Relationships

We all have relationships. From the first second we arrive. First is Mom. Even babies given up at birth for adoption have that first relationship with the woman who gives them life. From there we march on – Dad, Grandparents, siblings, cousins, Aunts, Uncles, other family, then to kids at daycare, or kids at school a little later. School brings new relationships – teachers, bus drivers, crossing guards. Then comes middle school (formerly known as junior high) and you have more teachers, coaches, friends, and for many, that first girlfriend or boyfriend – with out the space in between the words. That first crush – another relationship. That first break up – an end of a relationship. If you are very very lucky, you have not experienced the end of a relationship due to death by this point. Very few are. With people waiting until they are older to start families, it is inevitable that grandparents will pass away before their grandchildren become adults – some before they are even born, for a multitude of reasons.

But back to relationships. We enter high school, and our relationships mature as we do. We are likely to find “love” here – although hindsight will tell us it was hormones, at the time its every single lyric to every single love song ever written describes exactly what we feel. So we leave high school, and either go to college, go directly to a job, go in the military – there are a multitude of paths we can meander on this journey. Some paths we find end in a steep cliff – and we turn around and try again. Some paths split – and we are left to determine which direction we should take. On every path, we find relationships. We may choose to travel these paths in solitude, or we may decide that our path is wide enough to be travelled with a companion – a partner to help navigate the difficult twists and turns encountered. There are those relationships that are strictly in the workplace. There are relationships that overlap. There are those that are strictly personal. But if you really want to look at life as a whole, it’s just a web of relationships. People who come into your life, impact it, and leave it. Even the cashier at that gas station out in the middle of nowhere who smiled at you, the weary traveler who was just ready to be at their destination, has a brief relationship with you.

There are relationships that have no physical contact. Just a generation ago, these relationships were brought about through telephone contact – the customer service representative you had to speak to – or the lost art of the pen pal. For those too young to remember, we used to write cards and letters, on actual paper, put them in an envelope, and put a stamp on them and mail them. If it was a pen pal, in many cases it was someone you had never met, but that you began a correspondence with and became friends, by way of your cards and letters. Much like Facebook – except much more time-consuming. Today we have social networking, email, teleconferencing, Skype – we can have relationships with people globally in an instant!

There are the relationships no one really wants to have.
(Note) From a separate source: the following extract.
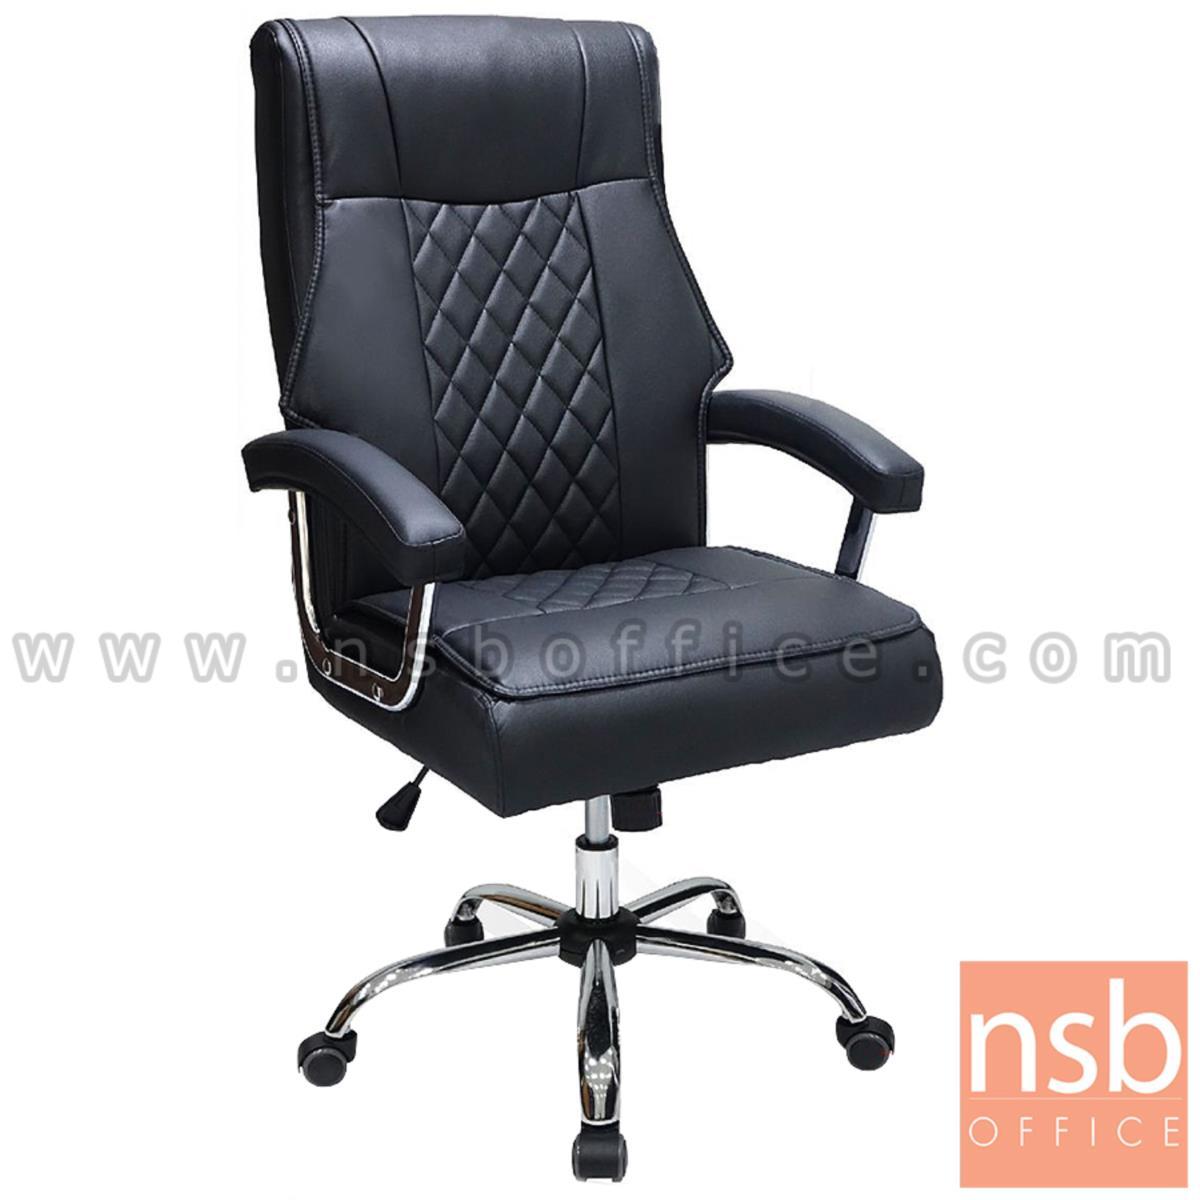 B01A503:เก้าอี้ผู้บริหาร รุ่น TIGER (ไทเกอร์)  โช๊คแก๊ส มีก้อนโยก ขาเหล็กชุบโครเมี่ยม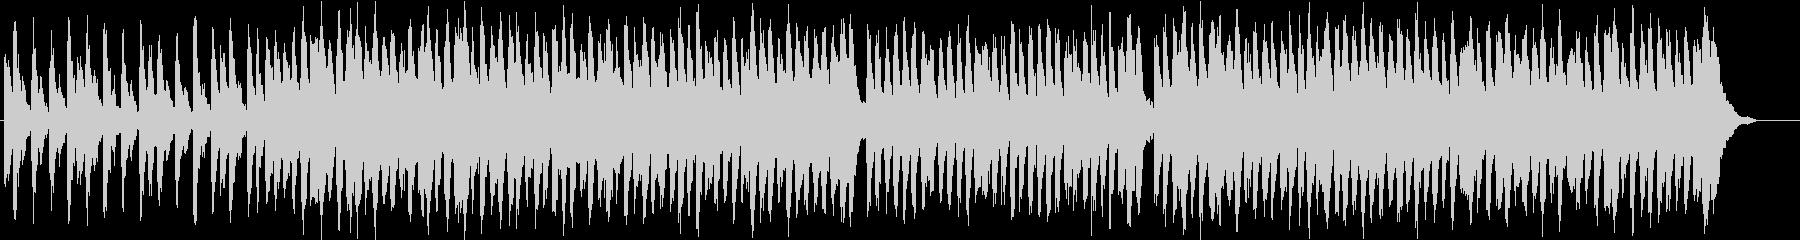 軽快で楽しくライトなオーケストラBGMの未再生の波形

The instant relationship you have with the police officer who pulls you over. This relationship will be over in a matter of minutes – but the attitude you have toward it will determine its positive or negative impact and outcome in an instant.  The relationship you have with the principal at school, when you have done something you should not have. The relationship with your health care providers. I make this plural, because unless you lived a century ago, it would indeed be a rarity for you to only have one doctor in your life. These relationships do not have to be negative – but lets face it, we all want to be healthy enough that our doctor does not know us well. We want them to be very familiar with our health issues – but we really don’t want that relationship to become close in any way.  Then you develop a life threatening/life changing or terminal illness. Wow! Suddenly, your doctors are the most important people in your life. They determine your treatments, your medications, everything. Your every breath suddenly hinges on every word they utter. Instead of your doctors being on the fringes of your daily life, they become the hub. Everything you do is impacted by what medications you are on, what treatments you are having, what surgeries you need, what side effects you are encountering. At this point, every relationship you have changes, by necessity. Especially for the terminal patient.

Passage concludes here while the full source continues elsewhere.